I agree with the right reverend Prelate—I declare an interest as another member of the Christian Aid board—that direct funding of local NGOs can be a problem if it is threatening their independence.

This important process will require workshops, leadership training, civic education and must involve independent media such as Radio Ecclesia to reflect current concerns such as law and order, corruption and human rights abuse, and to bring about a genuine debate in society and parliament.

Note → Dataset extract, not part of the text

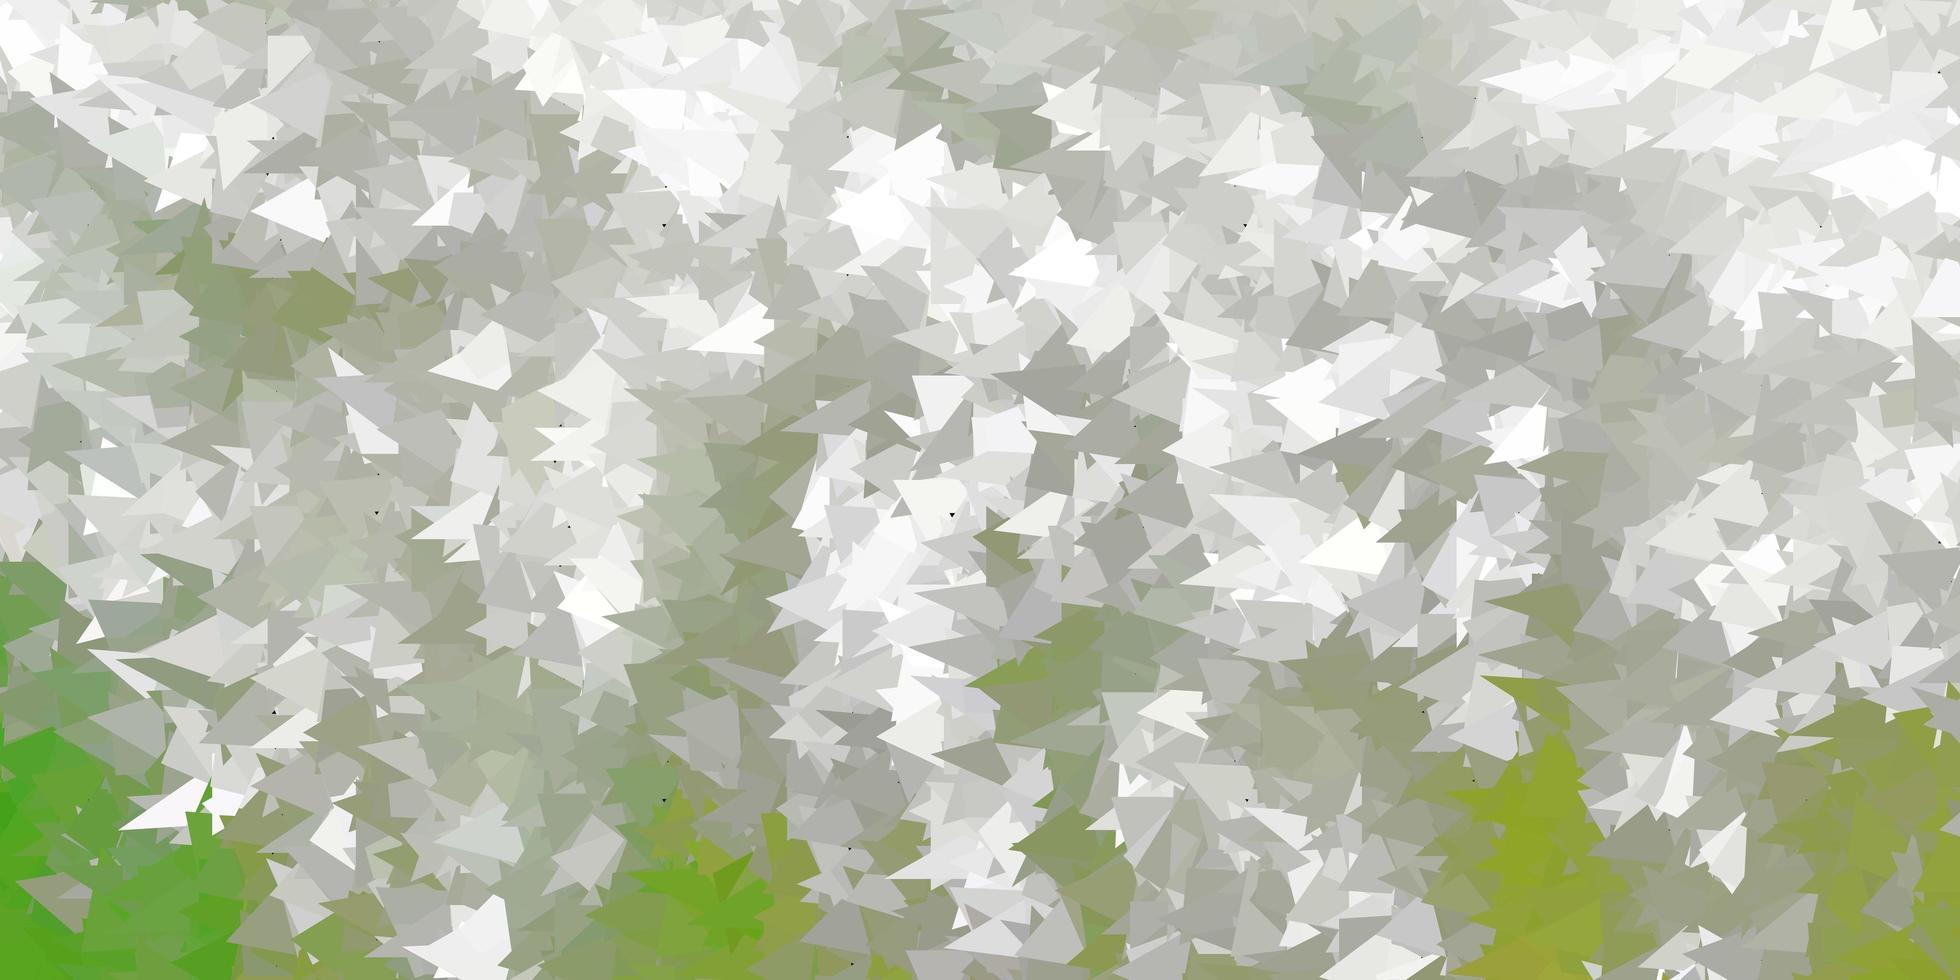 hellgraue Vektor Farbverlauf Polygon Tapete.

I know that the noble Baroness has visited development projects, including a de-mining project, but I hope that she will also comment on the role of our Government in their support for civil society in such matters as election monitoring and relevant forms of electoral training. Having seen this at work in Mozambique, I am convinced that this form of targeted capacity building is essential if political parties in both countries are to put aside their many genuine grievances, which persist, and move towards a society which more faithfully reflects people's needs.

8.56 p.m.

Lord Joffe: My Lords, I, too, would like to express my appreciation to my noble friend Lord Listowel for initiating this debate on Angola. It comes at a particularly appropriate time when there is the potential to transform the lives of all Angolans.

Angola is one of the poorest countries in Africa and its people have suffered tremendously because of the brutal civil war that has ravaged the country for more than 30 years. The statistics given by my noble friend—which I shall not repeat—tell a story of terrible deprivation and human suffering. But at long last this year has brought peace across most of Angola. A combination of peace, vast natural resources and a population of only 12.5 million people creates a unique opportunity for the lives of all Angolan people to be transformed.

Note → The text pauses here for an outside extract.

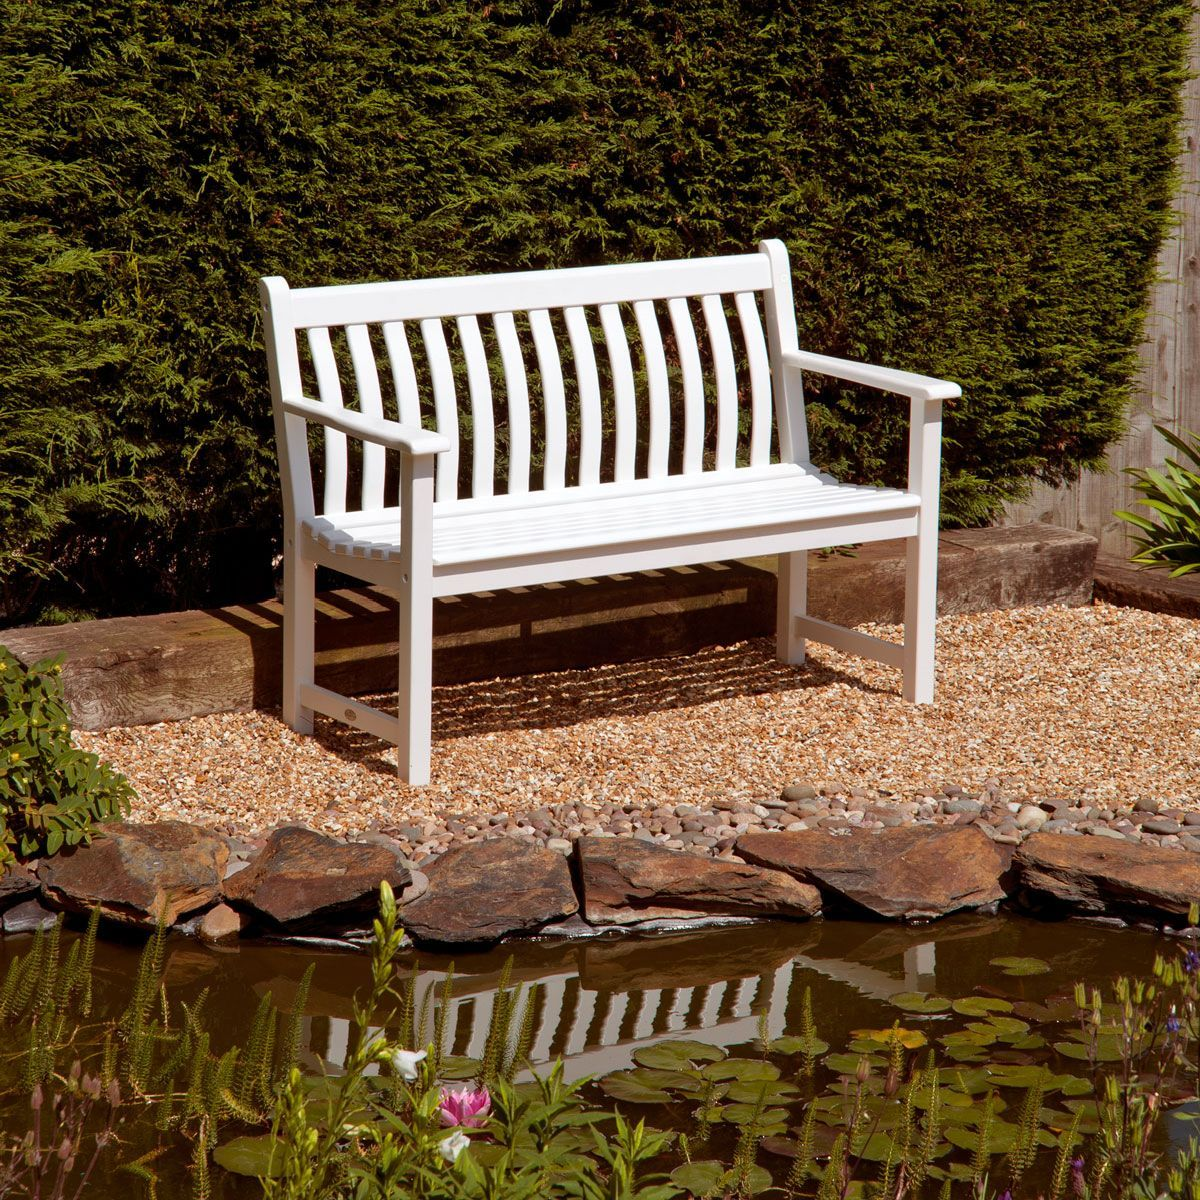 Miraculous Alexander Rose White Broadfield Garden Bench 4Ft Notcutts Forskolin Free Trial Chair Design Images Forskolin Free Trialorg

Already much has been achieved by the Government of Angola. This includes, as the noble Earl, Lord Sandwich, pointed out, the peace agreement itself, with fighting continuing in only one of 18 provinces. It includes the nomination of UNITA party members to the Government of Angola and to representational posts in communes, principalities, provinces and embassies. It includes the NPLA and UNITA working closely together on a new constitution and Angola taking its rightful place in Africa with the presidency of the Southern African Development Community for the next two years.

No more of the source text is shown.